GPU¶
采集包括 GPU 温度、时钟、GPU 占用率、内存占用率、GPU 内每个运行程序的内存占用等。
配置¶
安装 驱动及 CUDA 工具包¶
参考网址 https://www.nvidia.com/Download/index.aspx
采集器配置¶
进入 DataKit 安装目录下的 conf.d/gpu_smi
目录,复制 gpu_smi.conf.sample
并命名为 gpu_smi.conf
。
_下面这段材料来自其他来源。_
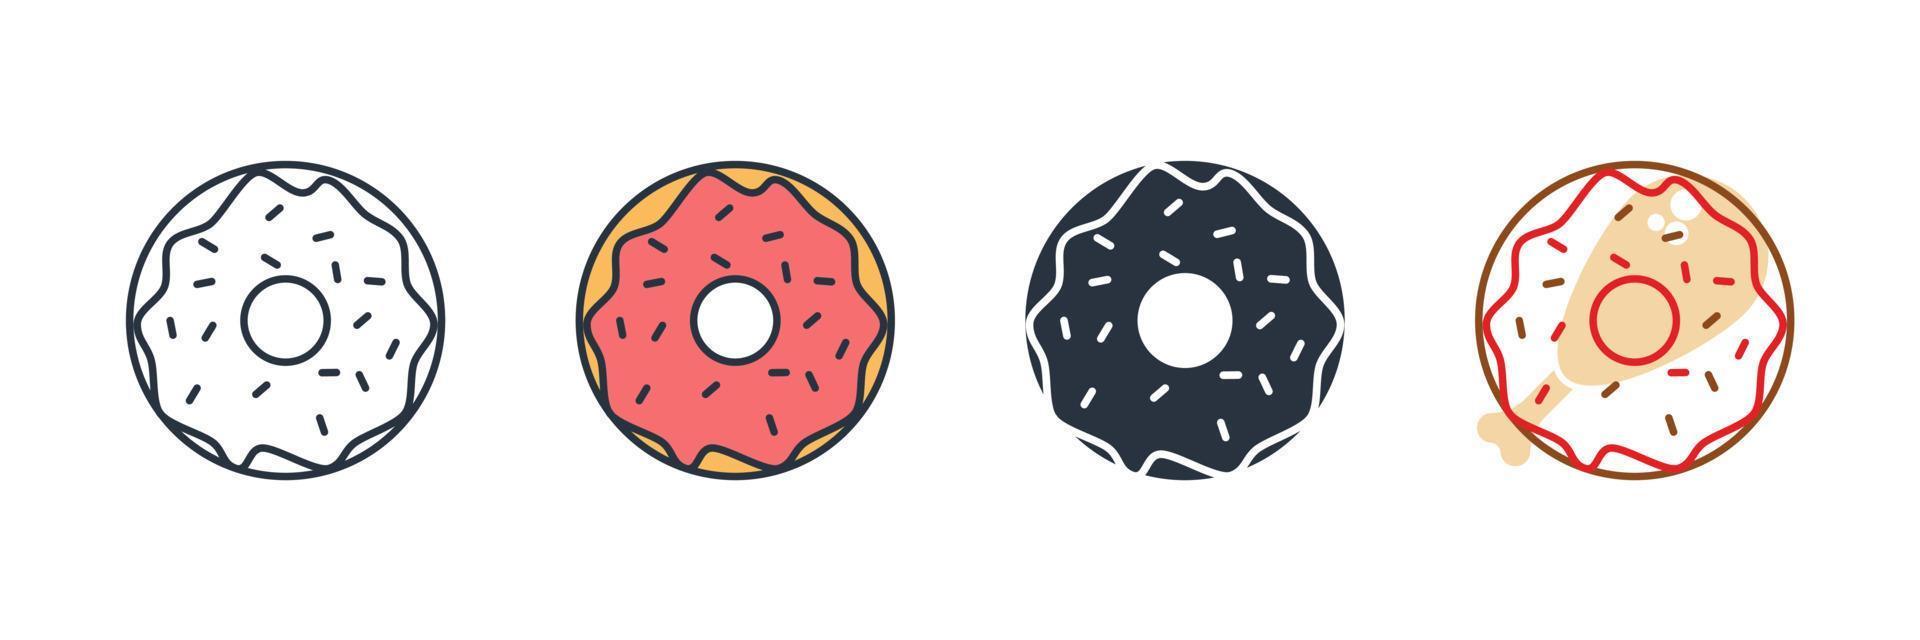 donut icon logo vector illustration. donut food symbol template for graphic and web design collection

示例如下:
[[inputs.gpu_smi]]
##(Optional) Collect interval, default is 10 seconds
interval = "10s"
##The binPath of gpu-smi
##If nvidia GPU
#(Example & default) bin_paths = ["/usr/bin/nvidia-smi"]
#(Example windows) bin_paths = ["nvidia-smi"]
##If lluvatar GPU
#(Example) bin_paths = ["/usr/local/corex/bin/ixsmi"]
#(Example) envs = [ "LD_LIBRARY_PATH=/usr/local/corex/lib/:$LD_LIBRARY_PATH" ]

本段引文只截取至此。